What is expected
Could the listing below be reproduced exactly, minus its pictures?

Dataset section
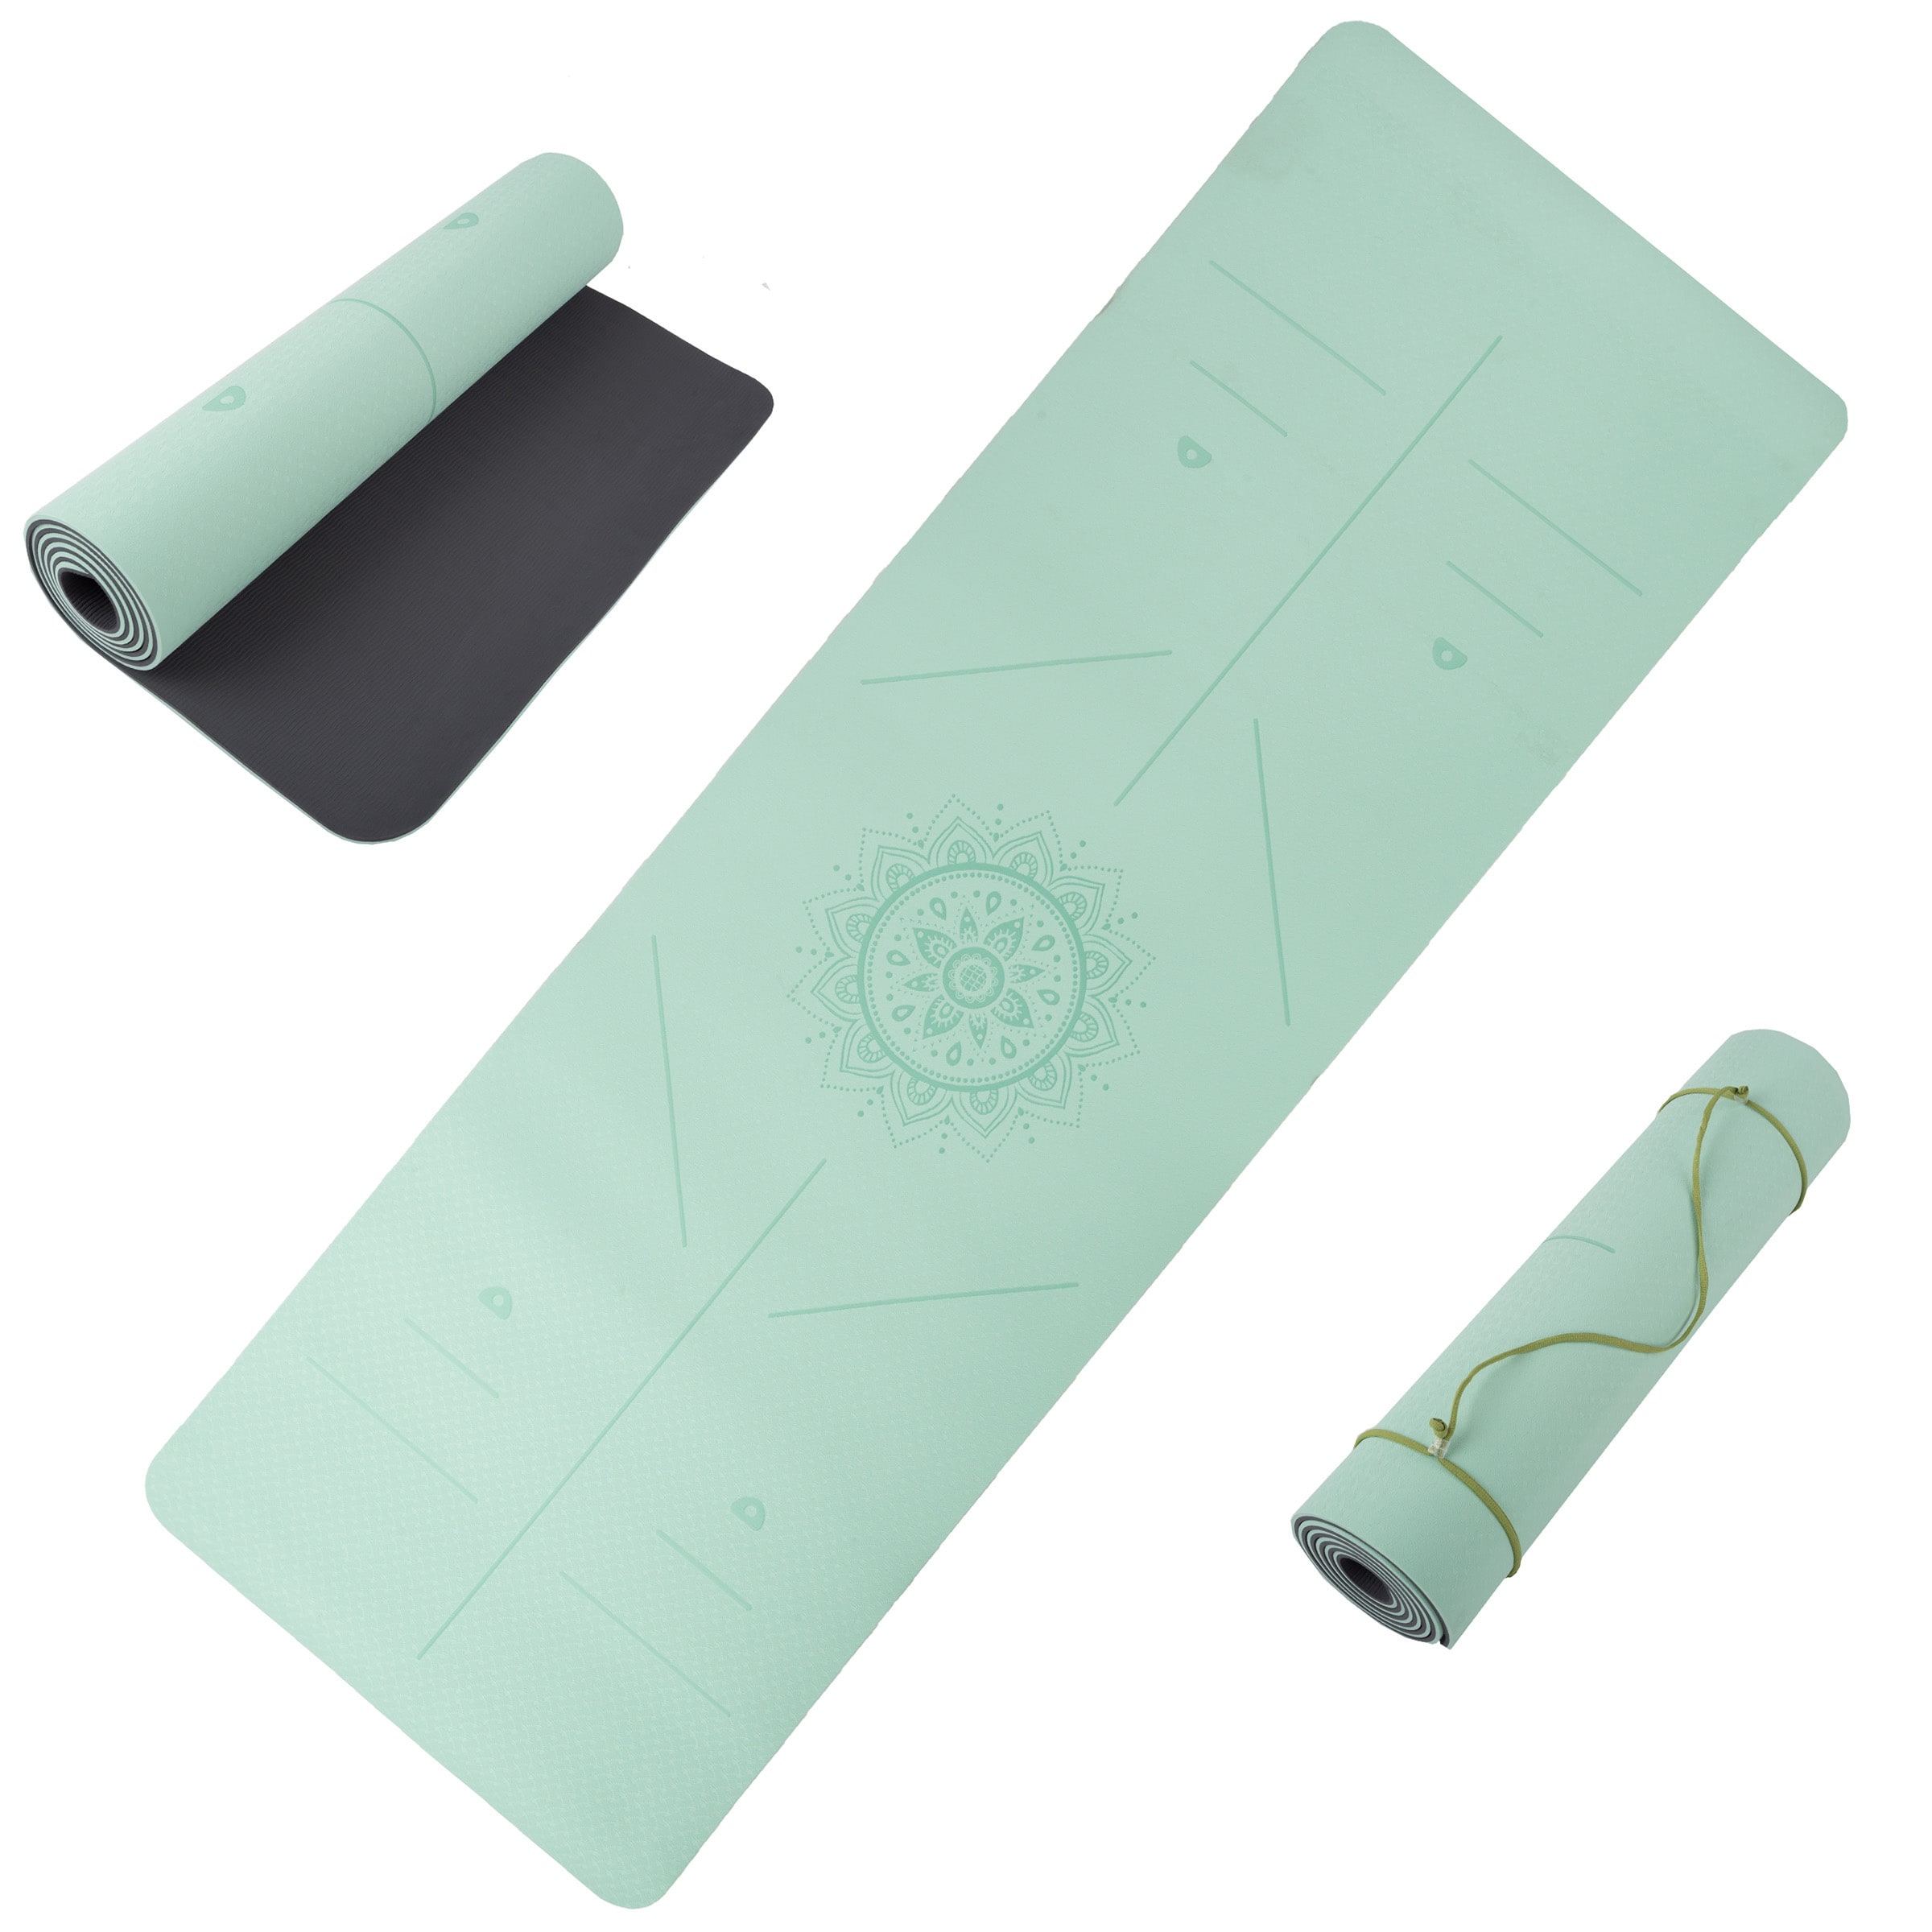 Wakeman Alignment Guide Yoga Mat - Non-Slip, Tear-Resistant TPE
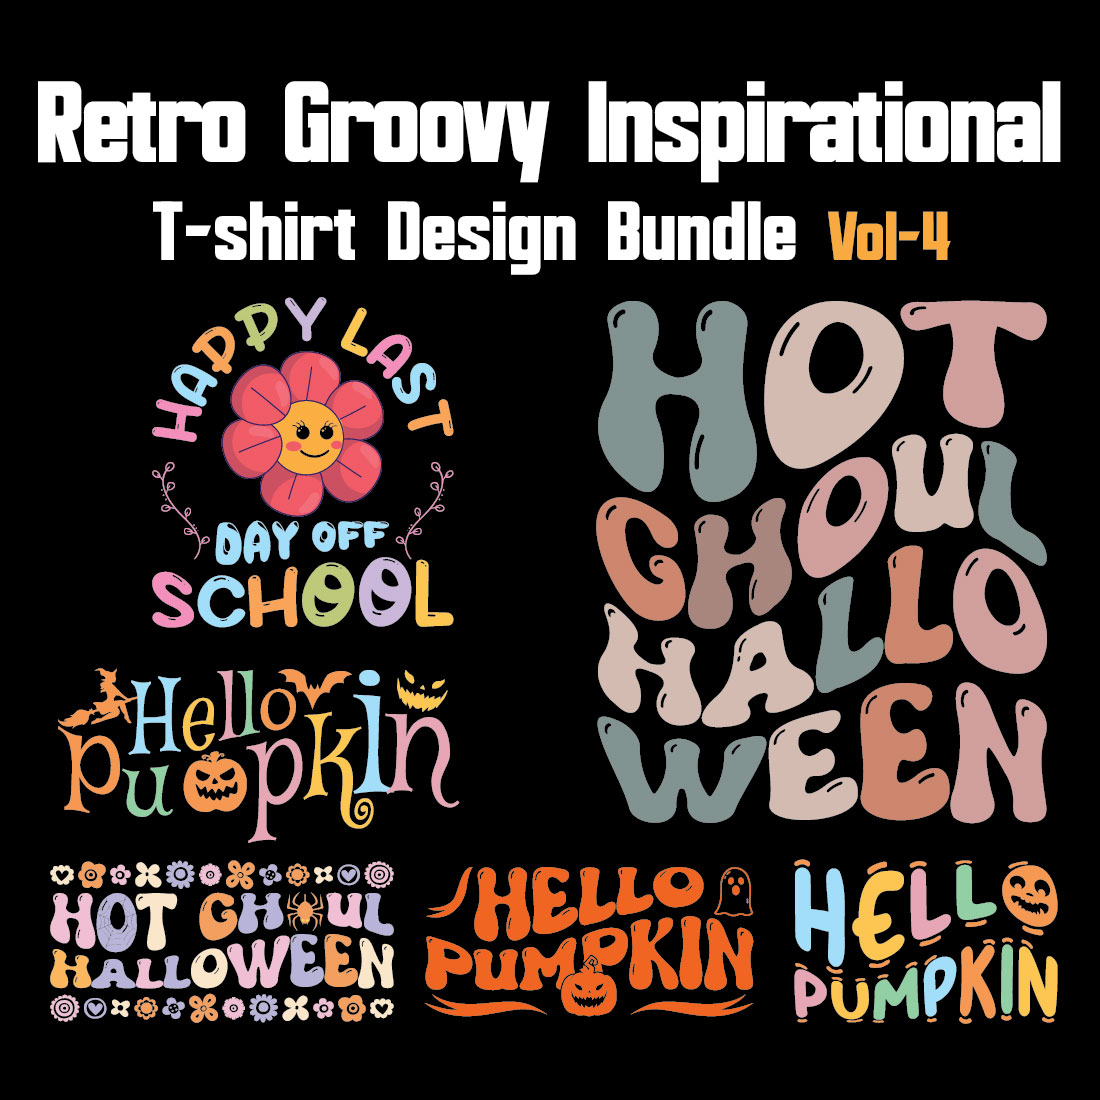 Retro Groovy Inspirational T-shirt Design Bundle Vol-4 cover image.
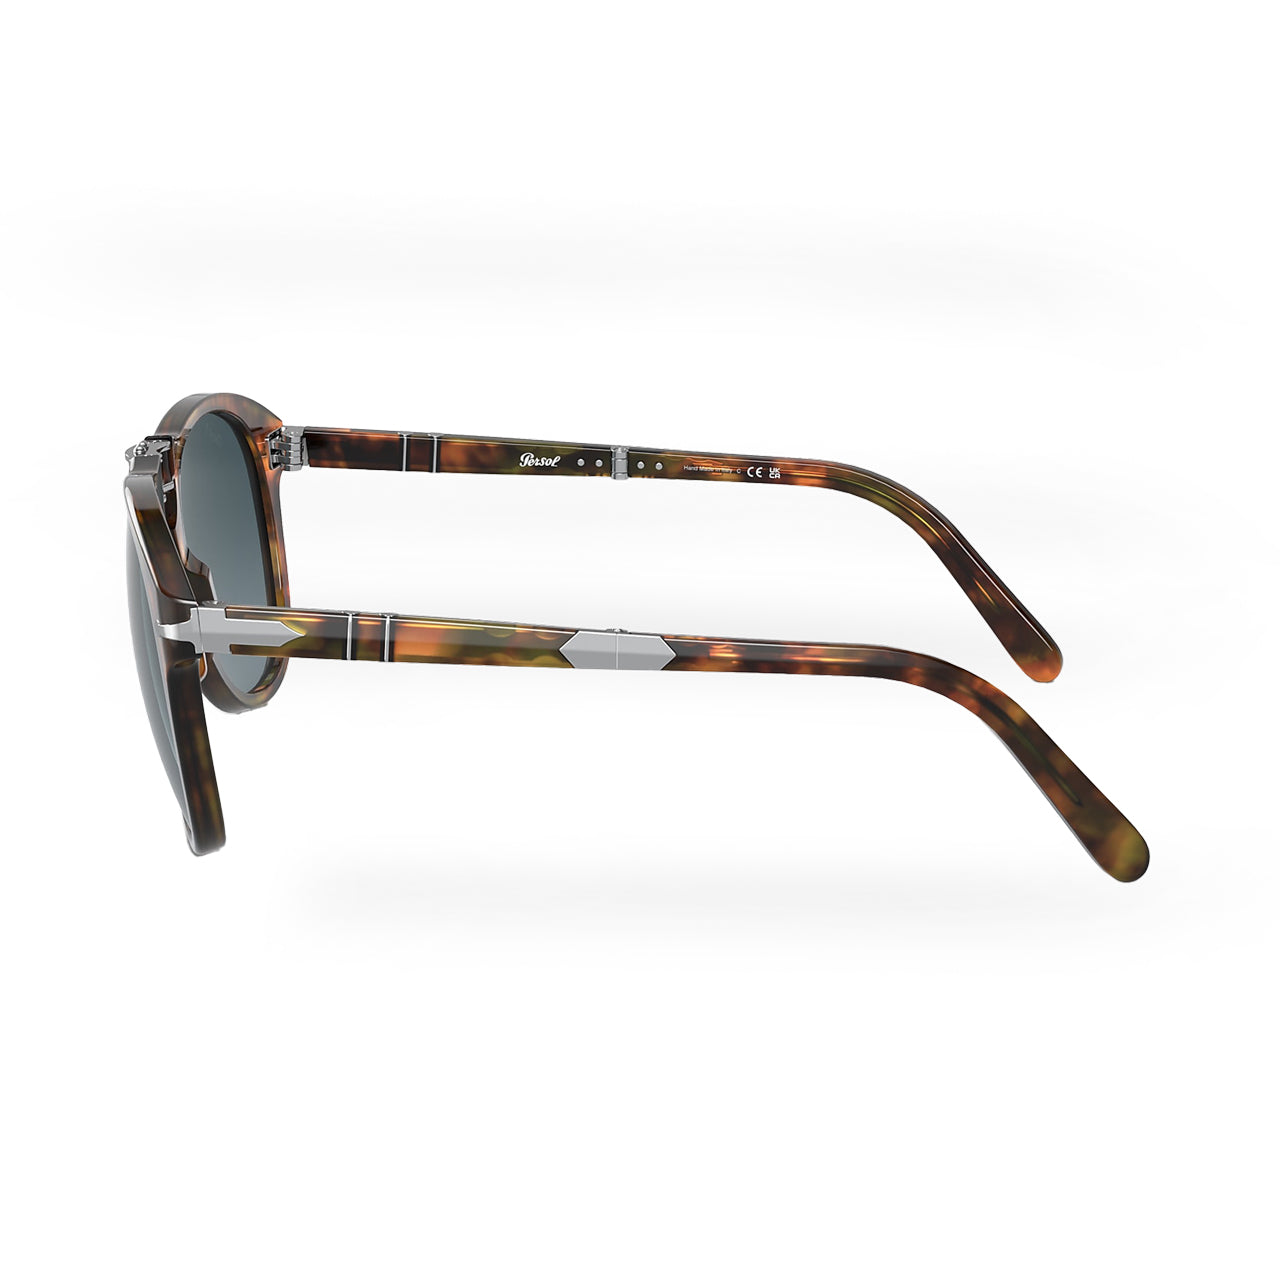 Persol Steve McQueen 714SM Caffe Sunglasses

Exercise solution
 Wakeman Alignment Guide Yoga Mat - Non-Slip, Tear-Resistant TPE
 Retro Groovy Inspirational T-shirt Design Bundle Vol-4 cover image.
 Persol Steve McQueen 714SM Caffe Sunglasses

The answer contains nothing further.